The outcome in Cala Rosa is surprising and especially significant because Judge Scheindlin had previously taken an expansive view of Rule B and issued some of the most influential decisions on continuous service, leading to its adoption as the prevailing practice.3
In departing from her earlier rulings, especially her previous reading of Reibor, Judge Scheindlin gave much greater weight to the burden attachments of EFTs place on banks. If this ruling is followed by other judges or endorsed by the United States Court of Appeals for the Second Circuit, EFTs will be subject to attachment only if banks elect to consent to continuous service. Such consent is unlikely because banks would be concerned about breaching duties to their customers.

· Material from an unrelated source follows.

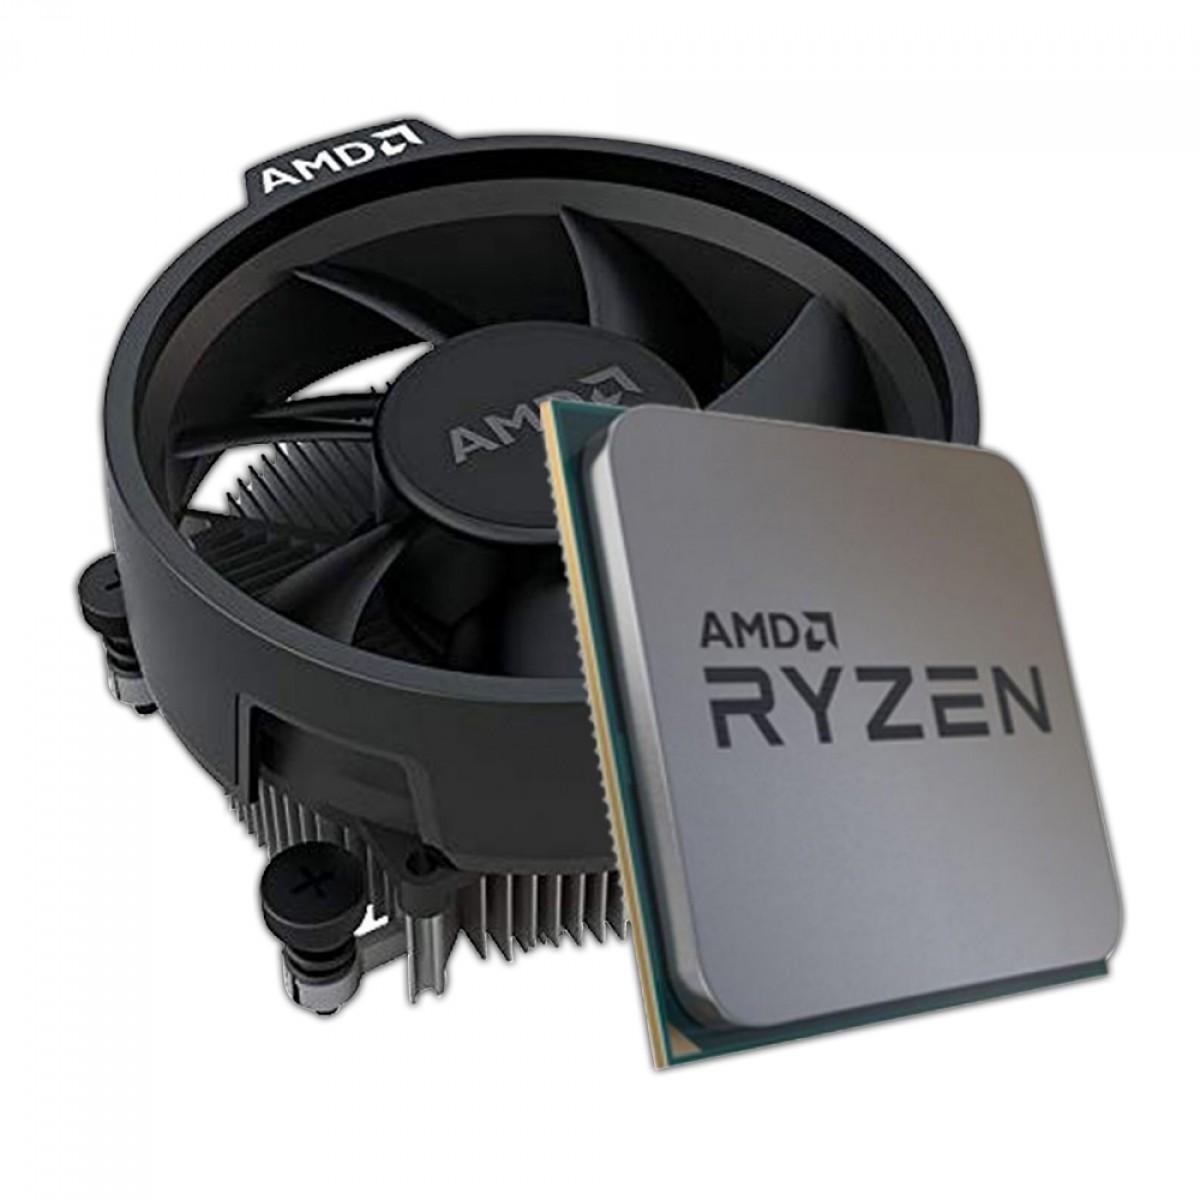 Kit Upgrade Gigabyte B450M Gaming + AMD Ryzen 5 3400G 3.7GHz + Geil Evo Potenza DDR4 16GB (2x8GB) 3000MHz

While this decision stands alone at the moment, other judges may well agree with its reasoning, especially because the recent proliferation of Rule B attachments has strained the resources of the federal court sitting in Manhattan.4Cala Rosa is therefore bad news for claimants, but good news for banks.
1Reibor International Limited v. Cargo Carriers (KACZ-CO.) Limited, 759 F.2d 262 (2d Cir. 1985).
2Cala Rosa Marine Co. v. Sucres et Deneres Group, 09 Civ. 425 (SAS), 2009 U.S. Dist. LEXIS 7934 (S.D.N.Y. Feb. 4, 2009).
3 See, e.g., Consub Delaware LLC v. Schahin Engenharia Limitada, 476 F. Supp. 2d 305, 311 (S.D.N.Y. 2007), aff'd 543 F.3d 104 (2008) (holding that EFTs were attachable as they passed through intermediary banks); Ullises Shipping Corp. v. FAL Shipping Co. Ltd., 415 F. Supp. 2d 318, 328 (S.D.N.Y. 2006), overruled on other grounds by Aqua Stoli, 460 F.3d 434, 446 (2d Cir. 2006) (holding that '[s]ome provision for continuous service is required to allow attachment of EFTs without significant disruption to financial institutions'). In fact, the court in DSND Subsea AS v. Oceanografia, S.A. de CV, 569 F. Supp. 2d 339, 345-48 (S.D.N.Y. 2008), relied heavily on Judge Scheindlin's ruling in Ullises in upholding continuous service.
4 While maritime cases were only 10% of the Southern District's civil docket at the beginning of 2008, they now constitute over 30% of new filings.